Para onde correr ao contratar um plano de saúde por conta própria?
Segundo dados da ANS, 67,6% dos planos de saúde contratados no Brasil são por intermédio de empresas. Isso significa que, a cada três planos, dois são empresariais. Os planos de saúde individuais representam apenas 18,9%, seguidos pelos planos coletivos por adesão, com apenas 13,2% das contratações.
Percebe-se que, por aqui, contratar um plano de saúde por conta própria ainda não é tão comum. Por isso, trazemos todas as informações de que você precisa para fazer uma boa contratação.
O que considerar ao contratar um plano de saúde por conta própria?
1) Tipo de contrato do plano de saúde
Há diversas possibilidades para contratar um plano de saúde por conta própria:
Individual
O plano individual é aquele em que as operadoras de saúde oferecem serviços moldados para pessoas físicas. Esses clientes podem contratar planos para si mesmos ou para a família. Os planos individuais têm seu reajuste limitado anualmente pela ANS.
Coletivo por adesão
Você é associado a algum sindicato ou pertence a alguma entidade de classe? Então poderá contratar um plano de saúde parceiro da organização. A modalidade de plano oferecida para esses grupos civis é a dos coletivos por adesão.
MEI
Outra possibilidade de contratação de plano de saúde é por meio do registro de MEI. É bastante comum que profissionais sem vínculo com uma pessoa jurídica criem seu próprio CNPJ para prestar serviços legalmente. Se esse é o seu caso, saiba que hoje em dia existem planos voltados para o microempreendedor individual.
Contudo, a contratação nessa modalidade só será permitida se:
- seu CNPJ estiver há mais de 6 meses ativo;
- você tiver pelo menos um dependente para incluir no plano.
2) Carência do plano: há diferenças entre os tipos de contratação?
As carências do plano de saúde têm um teto máximo determinado pela ANS para os seguintes procedimentos:
- 24 horas: Casos de urgência, acidentes pessoais ou complicações no processo gestacional, e emergência, risco imediato à vida ou lesões irreparáveis.
- 24 meses: Doenças e lesões preexistentes (quando contratou o plano de saúde, a pessoa já sabia possuir).
- 300 dias: Partos a termo, excluídos os partos prematuros.
- 180 dias: Demais situações.
Isso significa que seu plano de saúde não pode estipular um prazo maior do que os citados acima para tais procedimentos.
Mas, no geral, os beneficiários dos planos coletivos têm algumas vantagens em relação aos beneficiários dos planos individuais. Por exemplo:
- Para os planos coletivos por adesão com até 30 beneficiários – a carência deixa de ser obrigatória para quem entra nos primeiros 30 dias da contratação pelo sindicato.
- Para os planos coletivos por adesão com mais de 30 pessoas – não há carência alguma.
O que ninguém te conta sobre a carência do plano de saúde
Algo que nem todo mundo sabe é que você não precisa cumprir carência toda vez que mudar seu plano. Logo, se você tiver um plano ativo e pedir portabilidade para outro, a carência seguirá o prazo do contrato mais antigo.
3) Economize na hora de contratar o plano de saúde com essas dicas
Contratar um plano de saúde por conta própria significa que você pagará muito mais caro pelo plano de saúde? Errado. Se você seguir as dicas abaixo, dá para economizar um bom dinheiro na mensalidade. Confira:
Portabilidade do plano
Todo ano, os planos de saúde sofrem reajustes (muito acima da inflação) na mensalidade. Além disso, a partir dos seus 19 anos de vida, seu plano terá um aumento no valor por faixa etária.

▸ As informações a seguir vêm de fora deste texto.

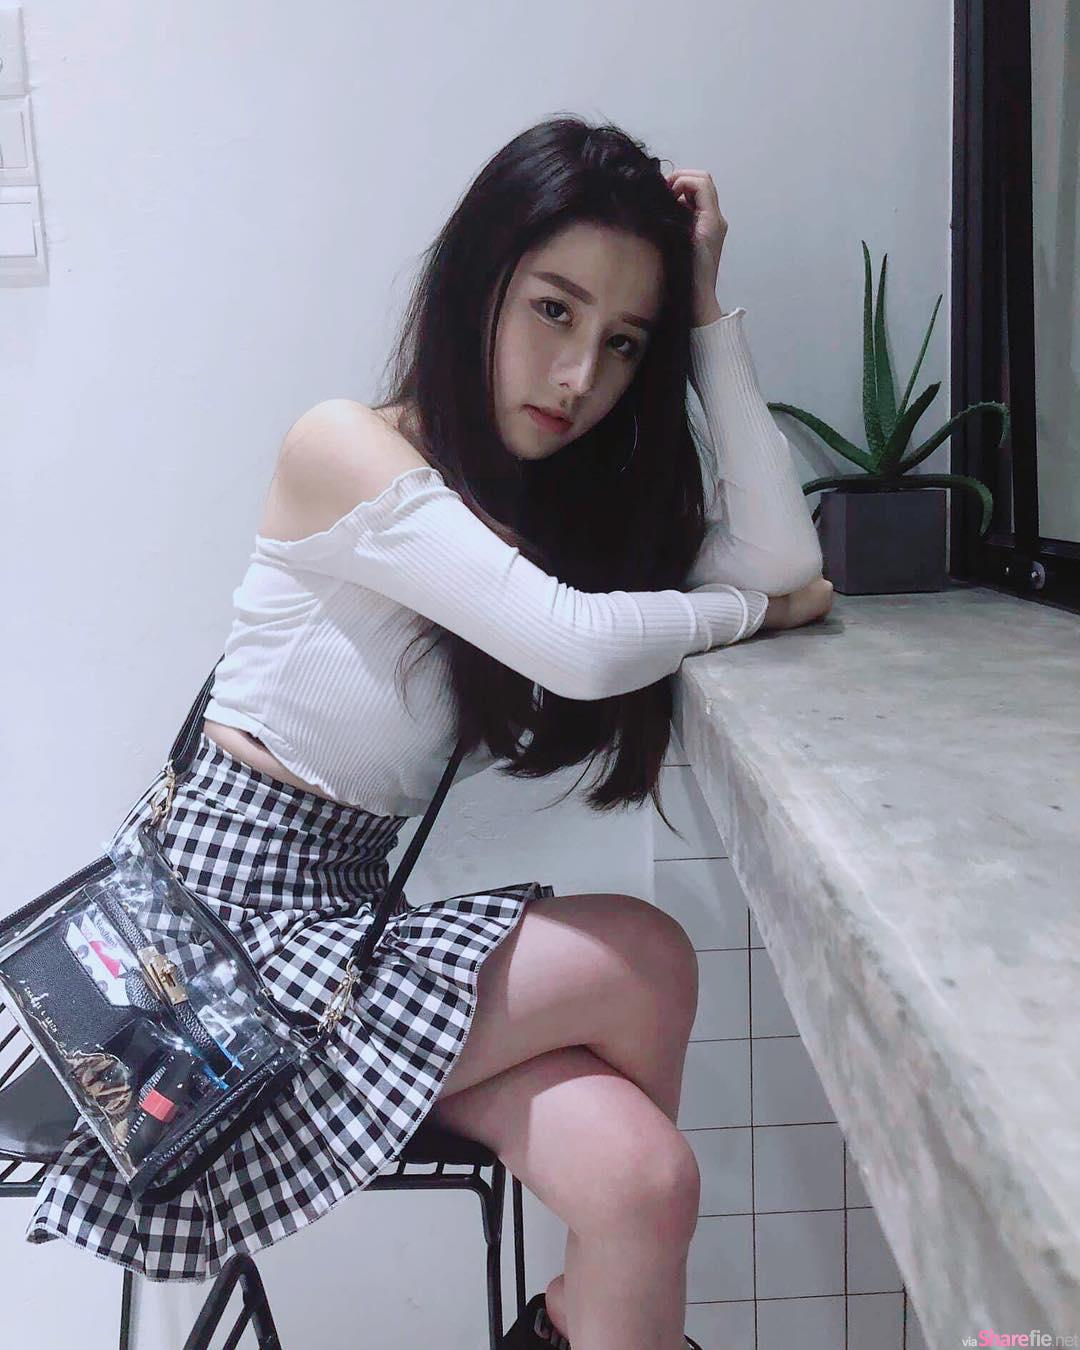 槟城正妹Jenny Lai 矜霓,清新甜美系

Logo, se o seu plano de saúde está pesando no bolso, considere fazer a portabilidade para outra prestadora. Geralmente, as condições oferecidas pelas empresas concorrentes são muito vantajosas para você fazer a migração. Aliás, você ainda pode tentar negociar outros benefícios.
Tipo de cobertura do plano
Analisar a cobertura do plano é essencial para contratar um serviço alinhado ao seu estilo de vida e às suas reais necessidades.
Existem diferentes coberturas de planos de saúde justamente para atender diferentes públicos:
- assistência ambulatorial;
- hospitalar (enfermaria ou quarto);
- hospitalar com obstetrícia;
- referência;
- odontologia;
- abrangência internacional, nacional ou regional.
O plano de saúde referência é o que inclui o mais completo rol de procedimentos. É também considerado por muitas pessoas como a melhor opção. Mas faça uma análise rápida: se você já tem filhos ou não pretende tê-los, realmente precisa de um plano com cobertura obstetrícia? Esse tipo de análise vai ajudar a economizar muito na contratação do seu plano.